Advanced MEMS-Based Sensors for Next-Gen Electronics and Biomedical Applications: Design, Integration, and Future Directions

Abstract

The fast development of the electronic devices and biomedical technologies has determined the growing need in miniaturized, high performance sensors, and multifunctional sensors capable to work under various environmental and physiological condition. The Microelectromechanical Systems (MEMS)-based sensors have become a disruptive solution because these sensors have the inherent features of miniaturization, low power, high sensitivity, seamless integration with complementary metal-oxide-semiconductor (CMOS) platforms. In this paper, a detail analysis of the cutting edge MEMS sensor applications in next generation electronic devices and new fields of application in biomedical applications is present. One possible future novel breakthrough hybrid sensor system we postulate can utilise nanostructured materials- e.g. graphene and zinc oxide (ZnO) nanowires used with piezoelectric actuation mechanisms e.g. aluminum nitride, lead zirconate titanate to improve the mechanism of converting mechanical to electrical. The fabrication procedure employs the use of surface micromachining of silicon-on-insulator (SOI) substrates using CMOS-compatible procedures to allow scale and cost-effective fabrication. Structural optimization was performed using finite element simulations and verified experimentally to be at 2.1 MHz ( 5%), 0.97 V/g sensitivity, 0 200mmHg ( 1.8%) pressure range and with power below 0.2 mW. Cytotoxicity was measured in a 72-hour cytotoxicity test, and the full-scale processing of the signal with the use of AI (FFT + CNN) showed significant enhancement of signal-to-noise ratio on noisy samples. Without limitations, some of the applications are wearable IMUs, implantable biosensors, and smart interfaces for human-machine interaction.
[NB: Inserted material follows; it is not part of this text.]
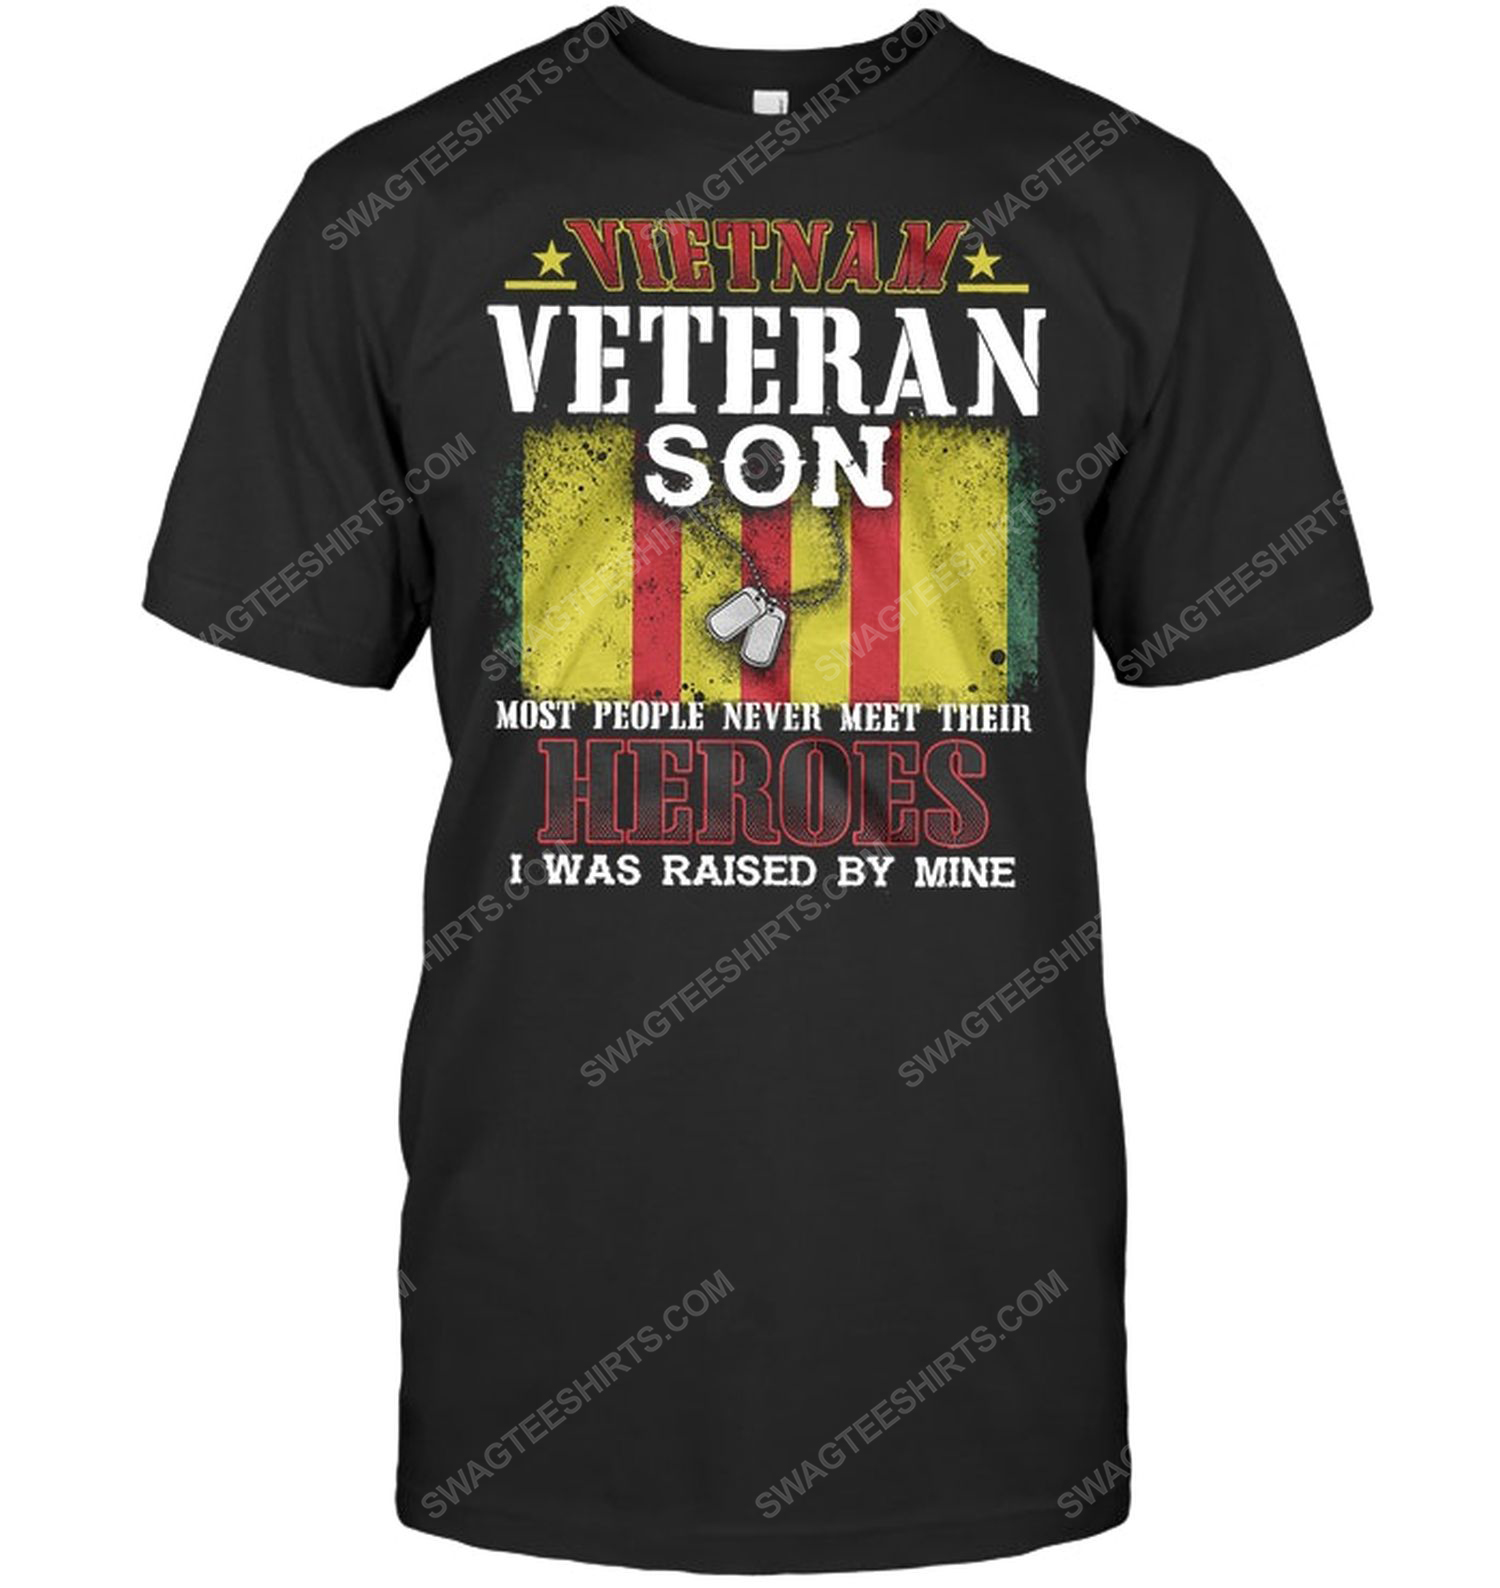 Vietnam veteran son most people never meet their heroes i was raised by mine tshirt

The paper also identifies the major issues like thermal drift, packaging challenges in in-vivo applications, mechanical wear out in hostile conditions. Future directions are (i) self-powered mechanisms, (ii) flexible substrates of soft robotics, and (iii) federated machine learning to secure edge analytics. On the whole, the concept of the proposed MEMS sensor platform provides an opportunity to a new route to intelligent, adaptive, and multipurpose sensoric in the upcoming generation of electronic devices and biomedical applications.